EASE OF PURCHASE
Q. After 2 counter offers and 1 addendum, and 2 price reductions, we have finally come to terms with the seller on a home we want to buy. On the final addendum, the seller said we are now purchasing “as is”. We intended the seller to pay for termite work, thinking the reductions in price were for other items in the home that needed fixing. Doesn’t the seller have to pay for termite work anyway since he agreed to it in the original agreement? T.Y. Rio Vista
A. Wow! Your agent has earned their money. The original contract sets down terms for sale, the price to be paid, who fixes what, and who pays for certain items. When a counter offer is presented, that means any terms identified in the counter offer supercede the original contract. Those things identified in the counter offer now become part of the contract, but the numbers and terms on the counter are now the new contract amounts.
Usually an addendum is used only on terms, and a seller who has given ground on price may want to present an addendum after a counter that has caused a reduction in price to clarify what they will and will not pay for at the new agreed price. In your case, the seller obviously feels that the price reductions go beyond what he is willing to pay, and now has drawn the line. Presenting an “as is” means what it implies, that the seller will spend no money to sell the home. If you need termite work done, now you will have to pay for it. Since the counter offers and the addendum override the original contract, the price you negotiated has revealed new terms. The question now is if you are getting a low enough price to fix what is needed and not end up paying more than the value of the home. Often it’s better to let the seller win that price negotiation and make enough to afford the repairs. Keep in mind that repairs could have cost overruns for unseen damage, and hammering the seller on price may come back to haunt you in repair costs.
Q. I want to purchase a retail business, but how should I approach the owner’s asking price? Is there a formula or price breakdown to assess the true value? M.A. Rio Vista
A. A retail store with stocked inventory for sale will break down to the following six categories: inventory, fixtures, leasehold improvements, covenant not to compete, goodwill, and real estate. The real estate should be separated from the business and assessed for its own value. Since most sellers want to package the price when real estate is involved, it is real easy to pay too much for the building.

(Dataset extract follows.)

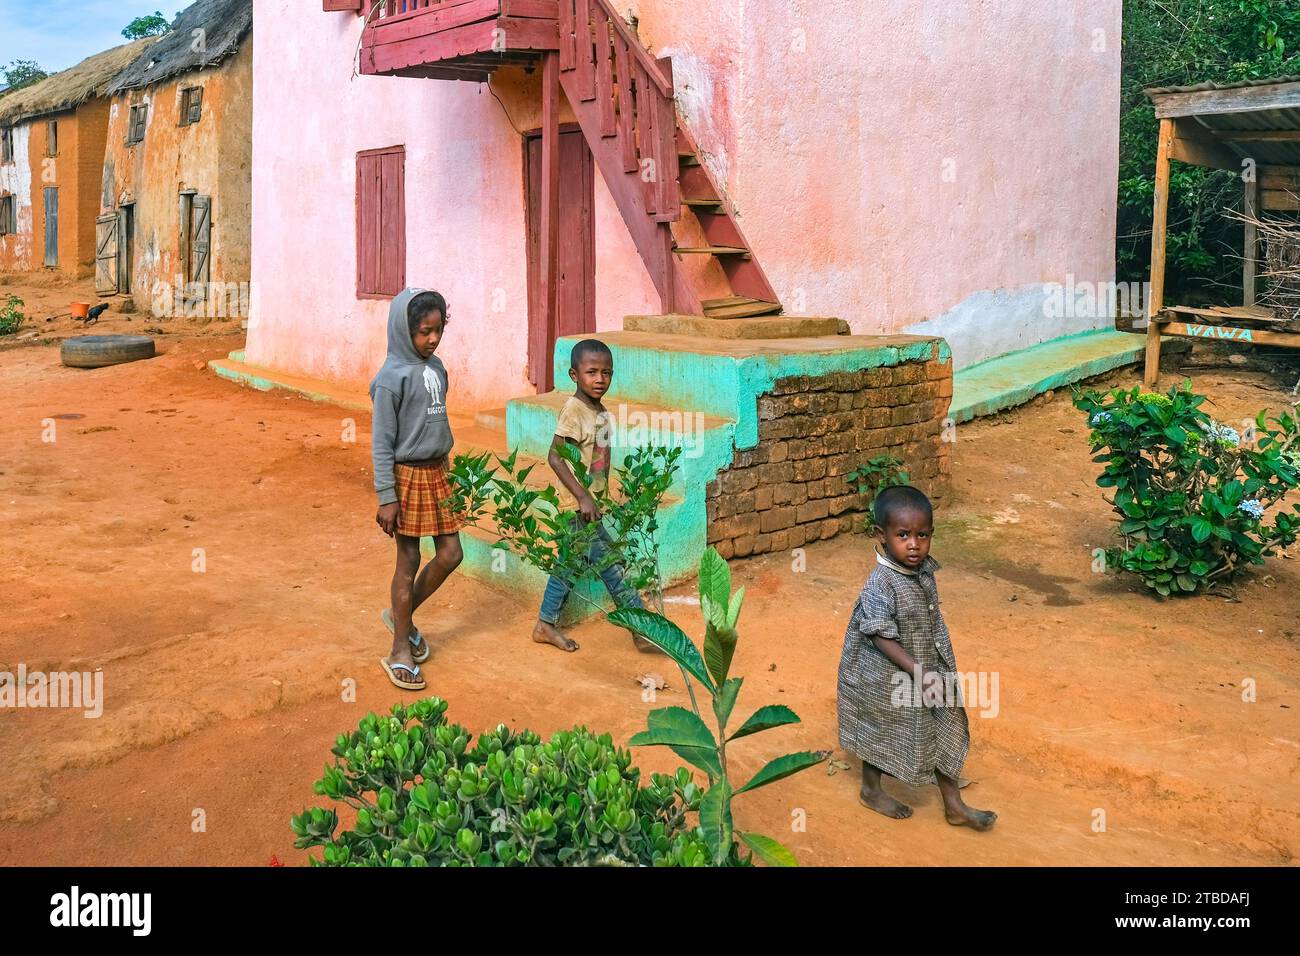 Enfants malgaches dans la rue d'un village rural avec des maisons traditionnelles dans le district d'Ambositra, région d'Amoron'i Mania, Madagascar central, Afrique Banque D'Images

Goodwill really has no value, it really becomes a gesture to identify how bad you want to buy out this seller, and can push up the price of the business beyond realistic value.

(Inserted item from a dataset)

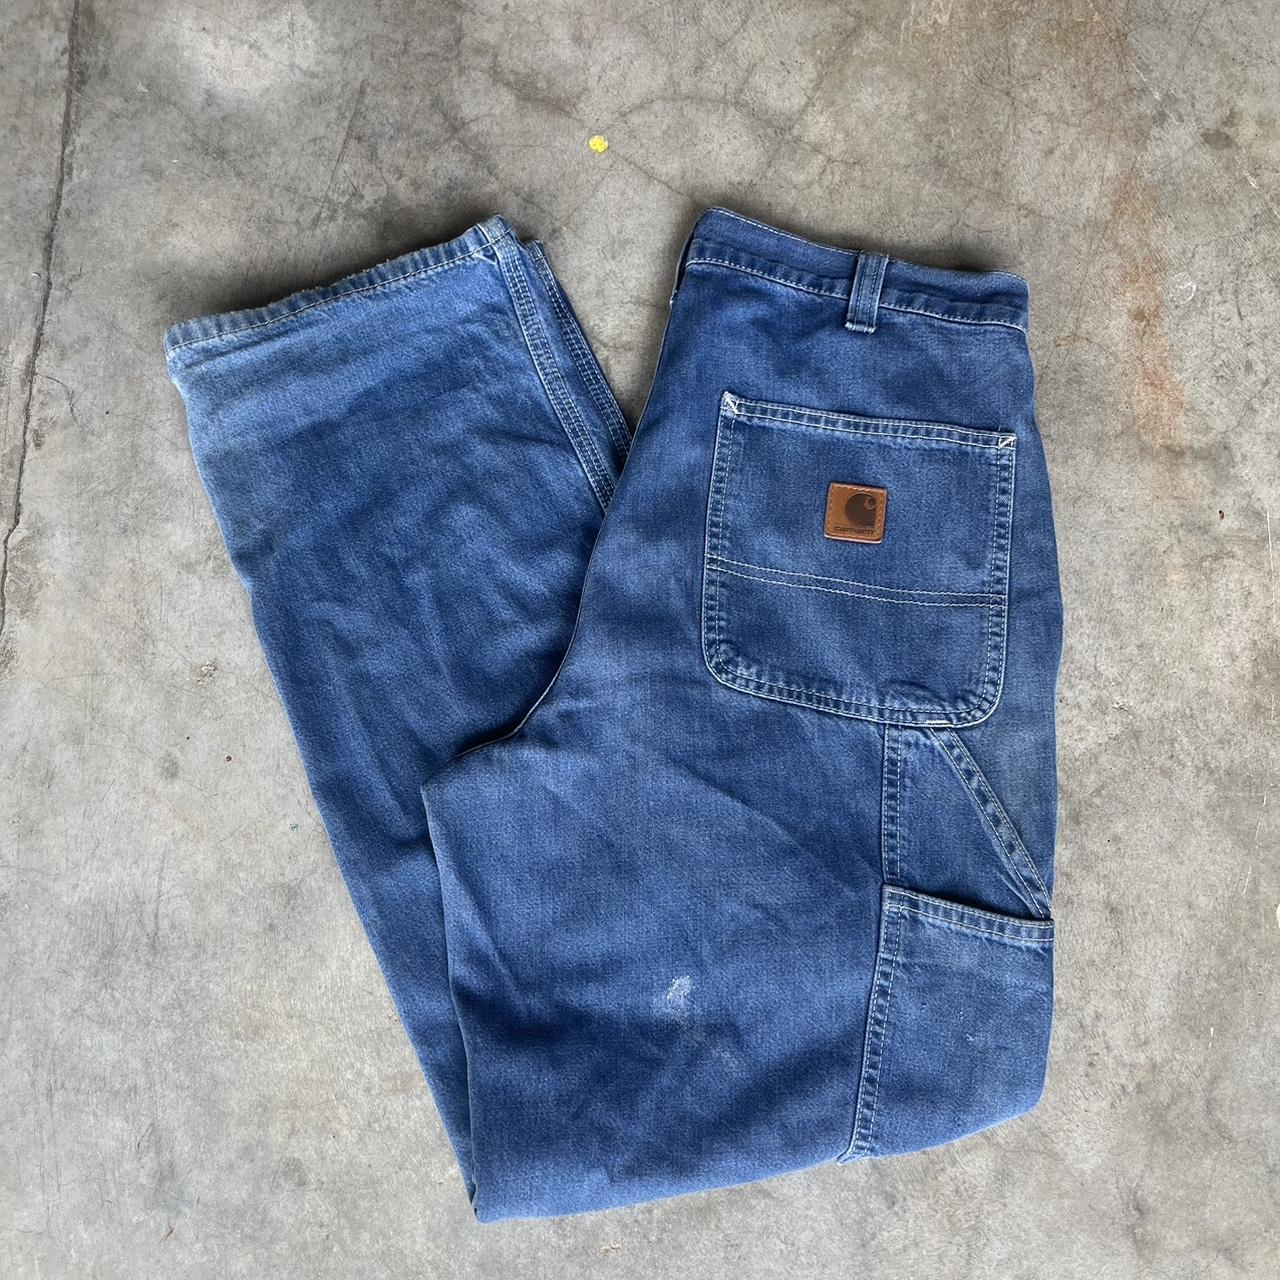 Carhartt carpenter jeans 32 X 30 - Depop

Your real interest is in tangibles like inventory, fixtures, and leasehold improvements. Take inventory; is it current, or does it need to be discounted? Also, inventory should only be valued at wholesale, and the seller should be able to provide an inventory list with invoices.

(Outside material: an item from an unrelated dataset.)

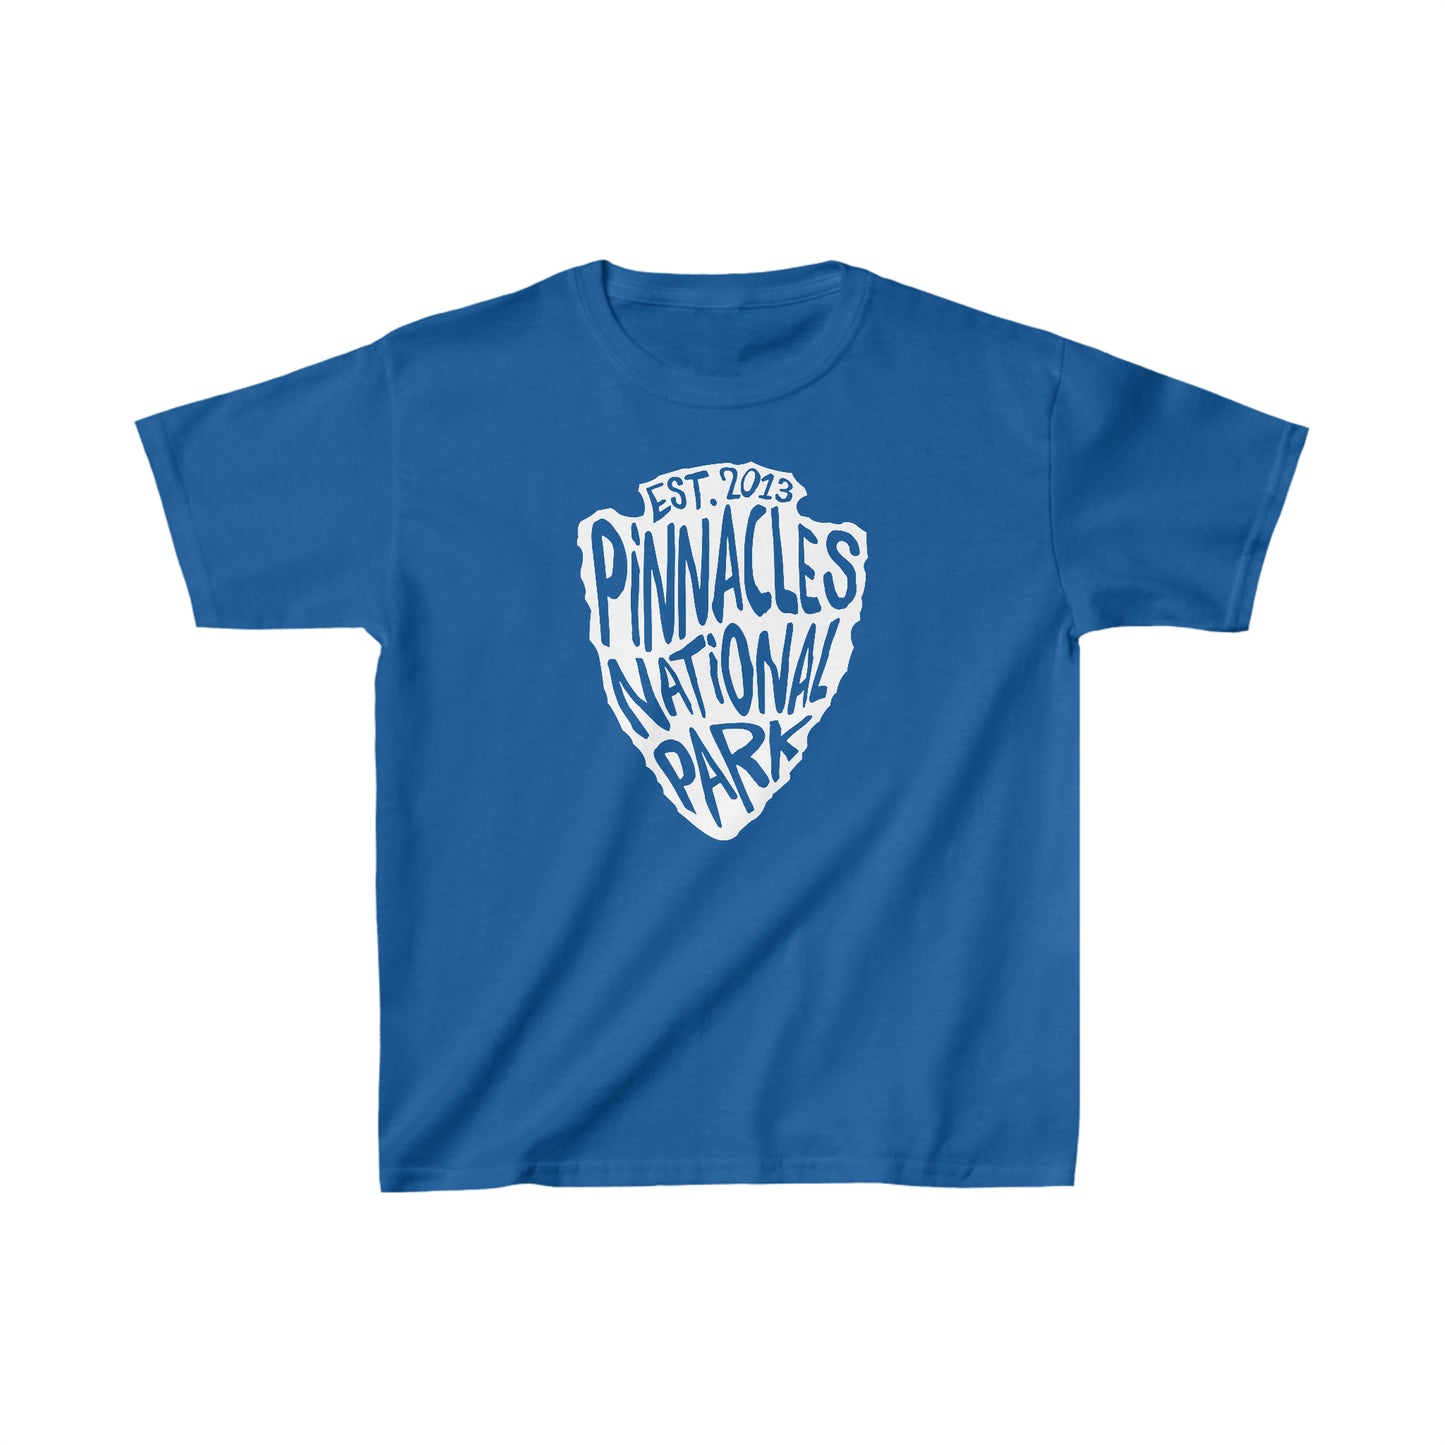 Pinnacles National Park Child T-Shirt - Arrowhead Design

Fixtures need to be priced based on age and functional capability. In some cases, replacement cost would apply if the fixture is specific to the business.
Leasehold improvements would include all those things done to create the theme and character of the store, giving it the identity for customer attraction.
The last thing to value would be the covenant not to compete; do you care if this seller opens across the street from you? If so, then this item could be important enough to give a value. What is not addressed here are owner financials for revue, work in progress, accounts receivable, vendors owed, and the cost of a new lease if the space is rented.
Your approach should include two and five year business plans/goals to determine your profit after servicing the purchase debt.
Just a note from the Small Business Administration: the majority of small business fails in the first two years due to lack of planning and improper funding. Good luck.